Intracellular staining of endogenous saponin-resistant LC3 was performed as described14. Briefly, cells were washed with PBS and then permeabilized with PBS containing 0.05% saponin. In this protocol, the cells are not fixed, therefore LC3-I is washed out of the cell because, unlike LC3-II, it is not anchored to the autophagosome. Cells were then incubated with mouse anti-human LC3A, B antibody (MBL International, M152-3) for 20 min, rinsed with PBS, incubated with anti-mouse secondary antibody conjugated to fluorescein isothiocyanate (eBioscience,62-6511) for 20 min and rinsed twice with PBS. Afterwards, cells were stained with anti-CD14 or anti-CD3 antibodies (Biolegend, 325608 and 300308) to detect the monocyte and T lymphocytes populations.
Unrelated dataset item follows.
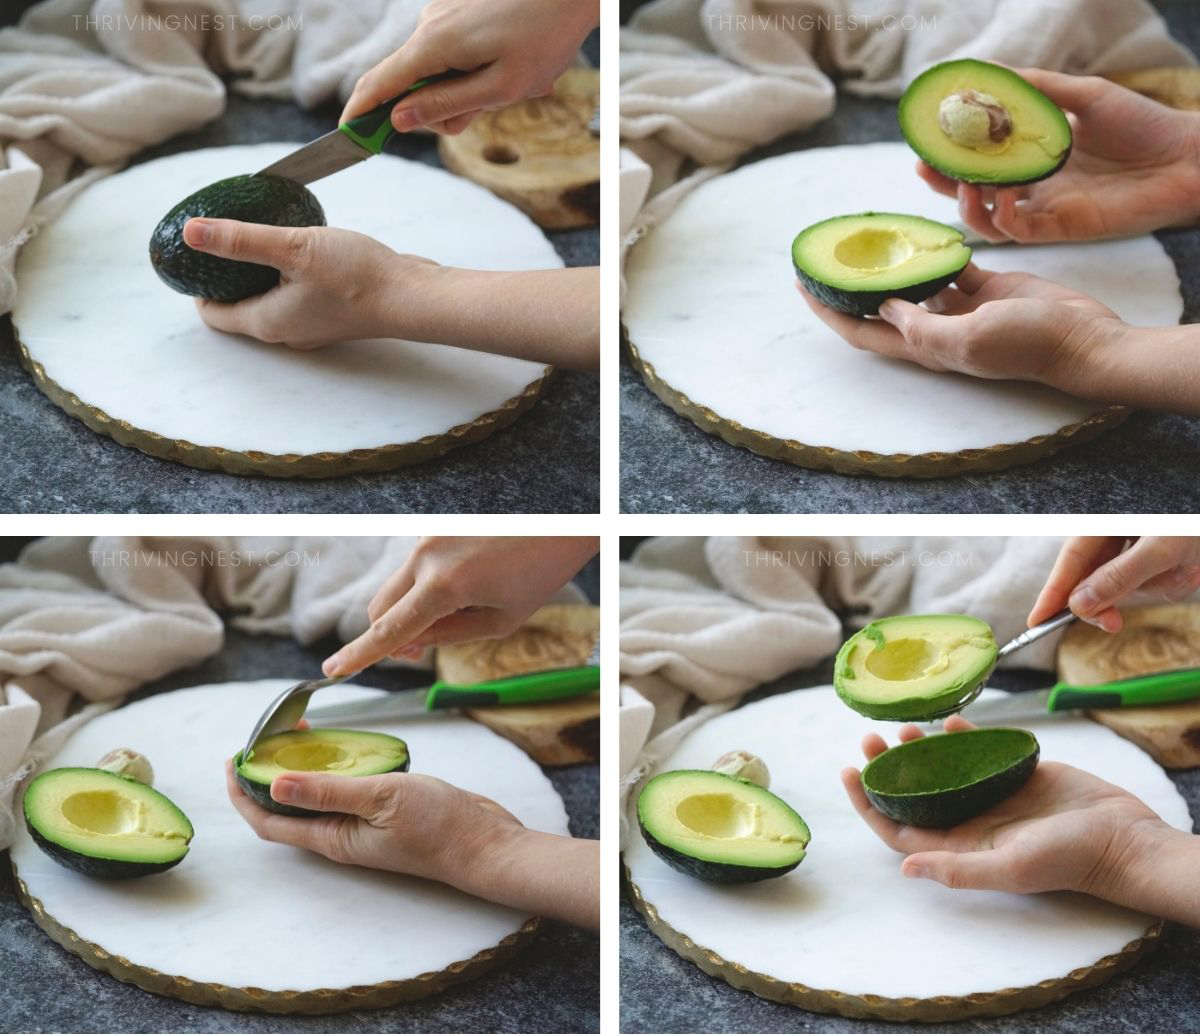 How to prepare avocado for baby - process shots.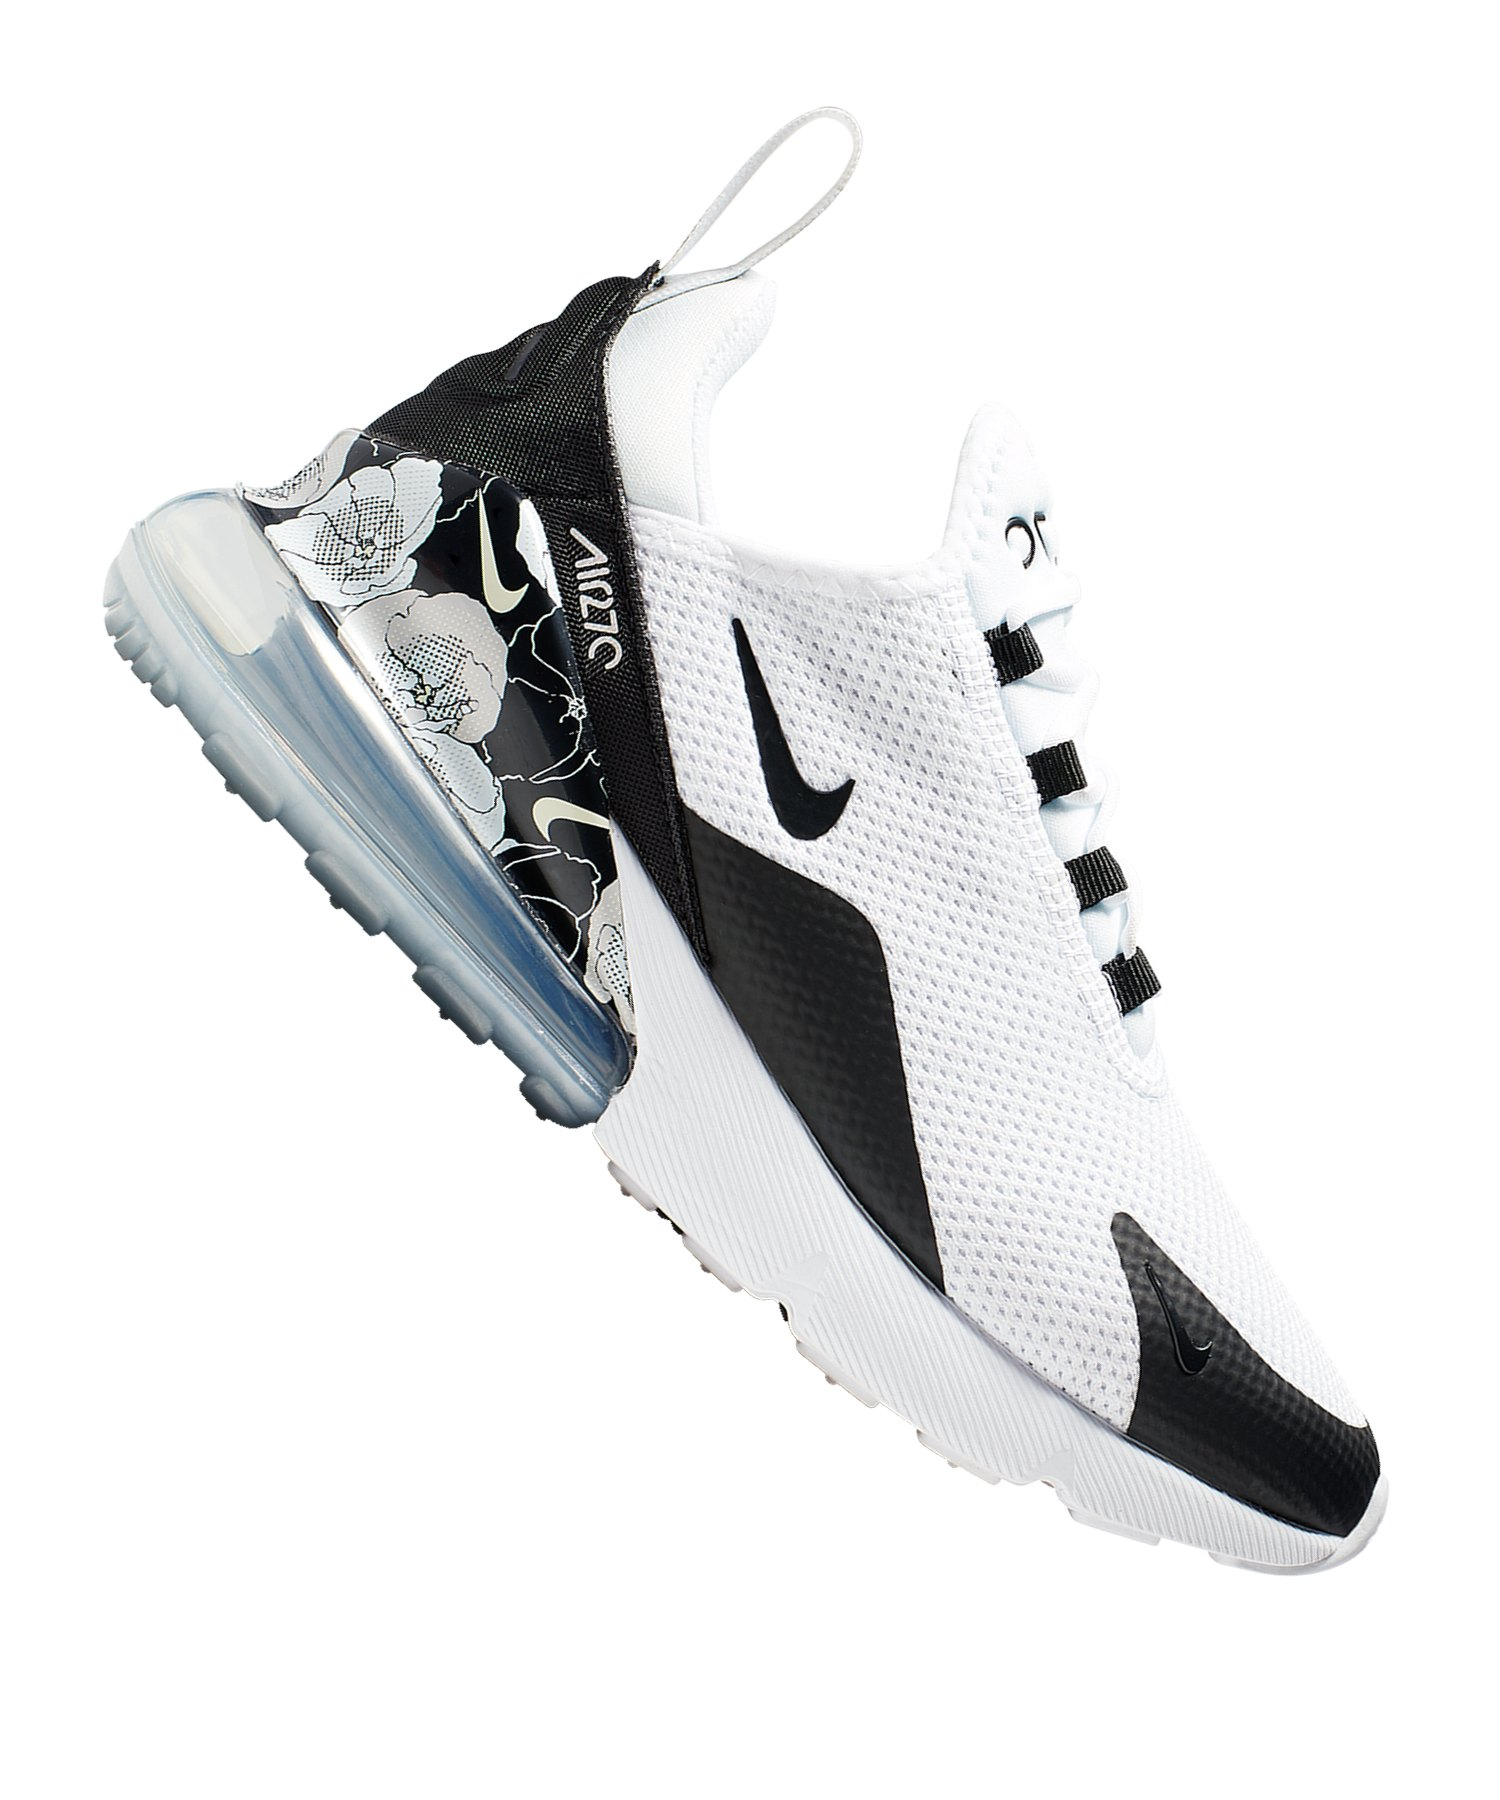 Details zu Nike Air Max 270 SE Herren Sneaker AQ9164 005 Anthrazit Schuhe Turnschuhe NEU

Negative control samples were incubated with an irrelevant isotype-matched monoclonal antibody (Biolegend, 400140). Samples were analyzed on a FACSAria II flow cytometer (BD, San Jose, CA, USA).
ELISA.
Culture supernatants of PBMC stimulated or not with Mtb-Ag in the presence or absence of PGE2 were obtained to evaluate cytokine levels by ELISA. TNFα and IFNγ (BioLegend) secretion was measured by ELISA following the manufacturers’ instructions.
ROS measurement
Neutrophils from HD were incubated with 2ʹ,7ʹ-dichlorofluorescein diacetate (DCFDA, 50 µM; Invitrogen, D399) for 15 min at 37°C. Then, cells were washed and stimulated with or without Mtb-Ag (10 µg/ml) ± PGE2 (2 µM) for 60 min. Finally, DCFDA fluorescence was evaluated to monitor ROS production by flow cytometry.
Confocal microscopy.
Cells were cultured and stimulated on coverslips for 16 hours. After incubation under different experimental conditions, cells were washed in order to remove non-adherent cells. Adherent cells were then fixed with cold methanol for 20 sec, then washed and subsequently permeabilized and blocked with blocking buffer (PBS containing 0.5% saponin (Santa Cruz Biotechnology, sc-280079A) and 1% bovine serum albumin (Santa Cruz Biotechnology, sc-2323A) for 15 min. The buffer was afterwards removed and the LC3 primary antibody was added (Cell Signaling Technology, 2775) and incubated for 16 hours at 4 ºC. Then, cells were washed with blocking buffer and incubated with the secondary antibody (Alexa Fluor® 488 Goat Anti-Rabbit IgG (HCL); Invitrogen, A11008) for 2 hours at room temperature. Finally, nuclei were stained with DAPI. The coverslips were mounted with PBS-glycerol (Sigma-Aldrich, G2025) and fixed cells were imaged using a Zeiss Spectral LSM 510 confocal microscope (Zeiss, Jena, Germany) using objective 63, numerical aperture (NA) 1.42.
Image processing.
All the images were processed using ImageJ software (Wayne Rasband, National Institutes of Health). After the image binarization using a defined threshold, the number of LC3 puncta was quantified using the Particle Analyzer plugin. Brightness and contrast were adjusted in all images belonging to the same individual when needed.
Statistical Analysis.
Analysis of variance and post hoc multiple comparisons tests were used as indicated in the figure legend. Mann–Whitney U test and Wilcoxon rank sum test were used for the analysis of unpaired and paired samples respectively. P values of < 0.05 were considered statistically significant.